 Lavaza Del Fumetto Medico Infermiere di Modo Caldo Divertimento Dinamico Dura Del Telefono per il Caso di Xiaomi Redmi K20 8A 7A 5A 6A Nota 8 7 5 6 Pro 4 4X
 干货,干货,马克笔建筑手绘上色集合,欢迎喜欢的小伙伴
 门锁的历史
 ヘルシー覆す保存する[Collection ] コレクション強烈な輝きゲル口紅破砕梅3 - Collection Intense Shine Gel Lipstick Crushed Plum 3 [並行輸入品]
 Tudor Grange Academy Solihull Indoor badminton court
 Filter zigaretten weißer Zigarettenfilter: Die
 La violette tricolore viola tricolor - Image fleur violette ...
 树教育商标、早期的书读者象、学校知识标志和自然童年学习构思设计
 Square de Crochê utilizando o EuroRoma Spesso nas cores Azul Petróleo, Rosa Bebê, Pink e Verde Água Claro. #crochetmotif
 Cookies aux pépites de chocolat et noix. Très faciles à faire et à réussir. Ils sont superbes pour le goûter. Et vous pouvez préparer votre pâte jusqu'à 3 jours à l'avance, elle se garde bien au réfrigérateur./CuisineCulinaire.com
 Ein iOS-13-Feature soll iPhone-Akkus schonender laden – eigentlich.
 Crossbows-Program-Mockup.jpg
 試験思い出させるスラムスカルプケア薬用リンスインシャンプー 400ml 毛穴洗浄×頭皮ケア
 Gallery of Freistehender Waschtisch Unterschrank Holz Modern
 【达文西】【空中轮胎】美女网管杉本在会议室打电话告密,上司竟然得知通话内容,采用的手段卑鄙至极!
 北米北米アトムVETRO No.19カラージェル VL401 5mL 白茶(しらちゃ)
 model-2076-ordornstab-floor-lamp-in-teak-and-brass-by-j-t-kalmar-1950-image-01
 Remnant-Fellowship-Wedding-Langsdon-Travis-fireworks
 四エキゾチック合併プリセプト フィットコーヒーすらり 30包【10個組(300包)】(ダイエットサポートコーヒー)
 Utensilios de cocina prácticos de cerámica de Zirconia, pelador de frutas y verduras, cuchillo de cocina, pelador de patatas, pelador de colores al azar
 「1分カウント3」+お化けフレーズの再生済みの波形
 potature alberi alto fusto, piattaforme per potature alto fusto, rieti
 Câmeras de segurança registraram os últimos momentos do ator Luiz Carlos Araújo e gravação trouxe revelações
....
Work required: Only the lines from the one holding "Remnant-Fellowship-Wedding-Langsdon-Travis-fireworks" through the end of the records should appear in the answer, each repeated exactly.

Task response:
 Remnant-Fellowship-Wedding-Langsdon-Travis-fireworks
 四エキゾチック合併プリセプト フィットコーヒーすらり 30包【10個組(300包)】(ダイエットサポートコーヒー)
 Utensilios de cocina prácticos de cerámica de Zirconia, pelador de frutas y verduras, cuchillo de cocina, pelador de patatas, pelador de colores al azar
 「1分カウント3」+お化けフレーズの再生済みの波形
 potature alberi alto fusto, piattaforme per potature alto fusto, rieti
 Câmeras de segurança registraram os últimos momentos do ator Luiz Carlos Araújo e gravação trouxe revelações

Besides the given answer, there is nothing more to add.